Problem to work on: From the entries below, retype only the lines from the one with "Интервью в журнале" through the one with "Plechový zahradní domek", exactly as written.

───── Data under study

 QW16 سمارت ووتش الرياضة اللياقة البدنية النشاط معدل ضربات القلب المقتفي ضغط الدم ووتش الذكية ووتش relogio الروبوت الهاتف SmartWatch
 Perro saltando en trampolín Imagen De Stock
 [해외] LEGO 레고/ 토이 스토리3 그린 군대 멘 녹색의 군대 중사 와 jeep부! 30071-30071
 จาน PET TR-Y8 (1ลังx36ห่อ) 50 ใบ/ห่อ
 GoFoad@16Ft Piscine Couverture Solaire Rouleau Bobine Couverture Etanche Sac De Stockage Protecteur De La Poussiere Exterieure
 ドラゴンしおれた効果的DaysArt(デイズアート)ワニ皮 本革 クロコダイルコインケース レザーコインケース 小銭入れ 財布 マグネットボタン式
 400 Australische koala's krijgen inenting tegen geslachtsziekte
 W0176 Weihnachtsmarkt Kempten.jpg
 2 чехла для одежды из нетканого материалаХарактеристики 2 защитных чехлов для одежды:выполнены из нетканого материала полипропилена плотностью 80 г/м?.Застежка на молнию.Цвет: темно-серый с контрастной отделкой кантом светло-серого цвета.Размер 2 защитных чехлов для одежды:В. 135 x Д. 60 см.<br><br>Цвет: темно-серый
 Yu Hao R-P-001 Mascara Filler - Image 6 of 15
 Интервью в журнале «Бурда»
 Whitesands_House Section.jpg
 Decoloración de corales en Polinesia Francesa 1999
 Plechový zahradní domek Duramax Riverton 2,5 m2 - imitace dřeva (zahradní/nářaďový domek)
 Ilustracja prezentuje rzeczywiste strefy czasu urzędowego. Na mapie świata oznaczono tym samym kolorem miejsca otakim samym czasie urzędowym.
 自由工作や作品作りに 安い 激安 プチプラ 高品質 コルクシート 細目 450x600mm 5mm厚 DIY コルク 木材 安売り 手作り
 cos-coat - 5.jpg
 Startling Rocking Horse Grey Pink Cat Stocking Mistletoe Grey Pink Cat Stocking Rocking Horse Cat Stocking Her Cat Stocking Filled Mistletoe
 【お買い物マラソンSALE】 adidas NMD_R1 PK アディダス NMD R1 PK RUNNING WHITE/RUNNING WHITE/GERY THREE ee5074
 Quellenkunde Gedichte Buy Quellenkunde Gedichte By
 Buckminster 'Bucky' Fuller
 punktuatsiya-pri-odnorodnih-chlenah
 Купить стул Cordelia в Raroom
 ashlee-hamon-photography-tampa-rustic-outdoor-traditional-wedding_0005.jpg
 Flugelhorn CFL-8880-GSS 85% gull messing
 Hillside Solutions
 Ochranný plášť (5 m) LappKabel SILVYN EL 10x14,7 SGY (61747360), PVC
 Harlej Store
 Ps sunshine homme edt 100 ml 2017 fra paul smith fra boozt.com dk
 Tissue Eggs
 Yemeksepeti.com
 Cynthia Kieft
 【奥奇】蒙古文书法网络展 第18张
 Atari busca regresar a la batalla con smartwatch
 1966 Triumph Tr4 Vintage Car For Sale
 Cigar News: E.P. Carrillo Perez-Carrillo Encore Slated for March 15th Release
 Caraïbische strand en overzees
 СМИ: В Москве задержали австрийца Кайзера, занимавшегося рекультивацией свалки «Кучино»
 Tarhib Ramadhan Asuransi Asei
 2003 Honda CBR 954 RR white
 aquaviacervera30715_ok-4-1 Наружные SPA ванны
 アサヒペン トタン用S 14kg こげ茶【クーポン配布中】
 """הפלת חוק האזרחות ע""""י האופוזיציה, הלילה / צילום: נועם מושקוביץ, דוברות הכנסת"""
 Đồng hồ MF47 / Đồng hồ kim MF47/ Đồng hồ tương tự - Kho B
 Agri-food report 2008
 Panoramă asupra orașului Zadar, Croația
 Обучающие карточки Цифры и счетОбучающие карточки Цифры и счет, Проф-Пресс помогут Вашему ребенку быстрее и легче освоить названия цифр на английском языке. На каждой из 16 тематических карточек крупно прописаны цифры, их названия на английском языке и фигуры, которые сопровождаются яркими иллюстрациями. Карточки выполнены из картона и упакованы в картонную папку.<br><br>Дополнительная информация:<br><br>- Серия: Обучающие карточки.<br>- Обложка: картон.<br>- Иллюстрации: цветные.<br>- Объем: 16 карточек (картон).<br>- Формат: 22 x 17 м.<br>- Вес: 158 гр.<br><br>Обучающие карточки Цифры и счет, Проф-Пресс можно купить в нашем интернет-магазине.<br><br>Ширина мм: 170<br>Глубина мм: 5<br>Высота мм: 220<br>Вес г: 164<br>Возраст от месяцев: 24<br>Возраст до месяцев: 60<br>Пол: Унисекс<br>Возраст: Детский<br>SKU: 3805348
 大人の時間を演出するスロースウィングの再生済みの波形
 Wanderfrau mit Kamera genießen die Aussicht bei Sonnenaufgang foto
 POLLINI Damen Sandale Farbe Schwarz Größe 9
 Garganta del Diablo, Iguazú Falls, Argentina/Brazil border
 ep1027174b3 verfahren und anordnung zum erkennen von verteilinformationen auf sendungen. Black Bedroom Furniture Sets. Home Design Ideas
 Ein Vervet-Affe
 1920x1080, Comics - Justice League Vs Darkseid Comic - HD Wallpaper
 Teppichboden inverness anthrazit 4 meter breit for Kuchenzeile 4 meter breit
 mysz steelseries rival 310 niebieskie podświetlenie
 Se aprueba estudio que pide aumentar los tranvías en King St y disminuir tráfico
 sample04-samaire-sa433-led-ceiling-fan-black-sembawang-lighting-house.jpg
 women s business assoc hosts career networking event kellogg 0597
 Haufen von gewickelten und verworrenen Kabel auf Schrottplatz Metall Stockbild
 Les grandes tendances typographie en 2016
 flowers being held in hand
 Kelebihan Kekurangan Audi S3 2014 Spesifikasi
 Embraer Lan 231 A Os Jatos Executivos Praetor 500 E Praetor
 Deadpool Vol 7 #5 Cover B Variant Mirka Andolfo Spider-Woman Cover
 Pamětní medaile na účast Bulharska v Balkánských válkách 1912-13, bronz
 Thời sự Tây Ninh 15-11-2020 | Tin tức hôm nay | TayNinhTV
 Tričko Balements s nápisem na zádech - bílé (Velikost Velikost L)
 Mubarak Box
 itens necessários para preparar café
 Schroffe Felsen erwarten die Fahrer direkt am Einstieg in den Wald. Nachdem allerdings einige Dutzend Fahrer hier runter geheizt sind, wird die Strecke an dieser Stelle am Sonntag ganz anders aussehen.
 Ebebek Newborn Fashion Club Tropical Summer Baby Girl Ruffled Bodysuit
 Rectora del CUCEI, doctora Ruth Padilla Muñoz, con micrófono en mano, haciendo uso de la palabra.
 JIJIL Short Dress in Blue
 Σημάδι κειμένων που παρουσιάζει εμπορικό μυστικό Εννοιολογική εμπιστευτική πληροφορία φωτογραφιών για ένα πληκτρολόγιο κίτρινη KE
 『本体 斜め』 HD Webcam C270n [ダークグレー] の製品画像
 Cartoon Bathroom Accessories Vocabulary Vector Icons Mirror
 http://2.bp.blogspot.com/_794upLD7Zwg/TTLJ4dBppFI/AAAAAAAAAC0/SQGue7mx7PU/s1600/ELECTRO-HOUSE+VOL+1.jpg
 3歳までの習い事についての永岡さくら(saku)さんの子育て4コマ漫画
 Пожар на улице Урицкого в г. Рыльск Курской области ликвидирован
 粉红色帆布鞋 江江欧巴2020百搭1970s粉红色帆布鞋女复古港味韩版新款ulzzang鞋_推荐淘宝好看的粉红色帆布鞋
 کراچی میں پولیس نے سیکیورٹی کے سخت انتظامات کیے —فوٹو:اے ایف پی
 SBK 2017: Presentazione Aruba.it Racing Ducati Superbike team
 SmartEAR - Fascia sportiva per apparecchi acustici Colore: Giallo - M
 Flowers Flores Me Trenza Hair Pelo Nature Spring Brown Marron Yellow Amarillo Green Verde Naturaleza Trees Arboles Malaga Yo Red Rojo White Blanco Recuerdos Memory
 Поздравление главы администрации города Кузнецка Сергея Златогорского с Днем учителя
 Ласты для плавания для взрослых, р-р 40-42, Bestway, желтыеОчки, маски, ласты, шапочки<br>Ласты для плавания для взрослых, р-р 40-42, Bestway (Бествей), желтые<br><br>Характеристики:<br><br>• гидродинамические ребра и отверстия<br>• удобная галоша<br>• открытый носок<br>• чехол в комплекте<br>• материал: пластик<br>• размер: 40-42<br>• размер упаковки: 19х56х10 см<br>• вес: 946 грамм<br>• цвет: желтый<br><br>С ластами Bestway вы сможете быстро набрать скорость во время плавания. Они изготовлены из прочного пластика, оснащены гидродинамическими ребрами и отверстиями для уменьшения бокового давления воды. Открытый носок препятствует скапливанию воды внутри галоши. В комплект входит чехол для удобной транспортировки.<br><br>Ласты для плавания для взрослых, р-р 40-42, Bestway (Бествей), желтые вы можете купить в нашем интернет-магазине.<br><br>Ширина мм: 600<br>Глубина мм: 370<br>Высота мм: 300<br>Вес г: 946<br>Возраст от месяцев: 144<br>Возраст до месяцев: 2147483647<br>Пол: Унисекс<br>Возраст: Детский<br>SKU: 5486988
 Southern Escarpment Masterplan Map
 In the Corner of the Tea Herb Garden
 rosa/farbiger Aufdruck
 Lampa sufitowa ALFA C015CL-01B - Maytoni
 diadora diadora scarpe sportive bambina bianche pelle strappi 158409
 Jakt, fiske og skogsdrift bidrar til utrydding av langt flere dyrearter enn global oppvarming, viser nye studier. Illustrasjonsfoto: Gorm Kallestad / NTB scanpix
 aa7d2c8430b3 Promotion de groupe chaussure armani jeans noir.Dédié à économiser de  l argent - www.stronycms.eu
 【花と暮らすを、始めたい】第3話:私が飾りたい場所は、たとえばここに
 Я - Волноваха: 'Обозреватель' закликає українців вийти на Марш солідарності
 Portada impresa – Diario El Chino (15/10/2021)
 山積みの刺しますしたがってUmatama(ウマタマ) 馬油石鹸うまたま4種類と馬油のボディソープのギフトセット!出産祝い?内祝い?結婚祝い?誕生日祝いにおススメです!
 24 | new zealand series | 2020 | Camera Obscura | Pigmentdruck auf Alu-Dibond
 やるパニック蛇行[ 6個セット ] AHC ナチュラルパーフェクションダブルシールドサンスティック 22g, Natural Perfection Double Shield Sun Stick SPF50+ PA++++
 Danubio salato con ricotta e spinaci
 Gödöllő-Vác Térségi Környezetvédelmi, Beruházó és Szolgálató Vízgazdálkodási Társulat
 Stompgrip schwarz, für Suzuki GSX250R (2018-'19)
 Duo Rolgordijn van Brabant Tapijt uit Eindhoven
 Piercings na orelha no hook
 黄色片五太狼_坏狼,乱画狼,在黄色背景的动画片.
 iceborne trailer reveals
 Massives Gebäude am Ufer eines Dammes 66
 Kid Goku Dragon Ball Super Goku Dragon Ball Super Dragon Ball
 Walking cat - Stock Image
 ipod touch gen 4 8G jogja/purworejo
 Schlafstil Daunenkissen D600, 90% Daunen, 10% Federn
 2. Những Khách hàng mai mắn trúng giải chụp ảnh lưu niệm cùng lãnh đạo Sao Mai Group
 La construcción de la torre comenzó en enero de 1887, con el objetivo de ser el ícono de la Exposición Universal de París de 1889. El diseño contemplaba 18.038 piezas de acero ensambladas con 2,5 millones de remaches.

──────────

Response to this exercise:
 Интервью в журнале «Бурда»
 Whitesands_House Section.jpg
 Decoloración de corales en Polinesia Francesa 1999
 Plechový zahradní domek Duramax Riverton 2,5 m2 - imitace dřeva (zahradní/nářaďový domek)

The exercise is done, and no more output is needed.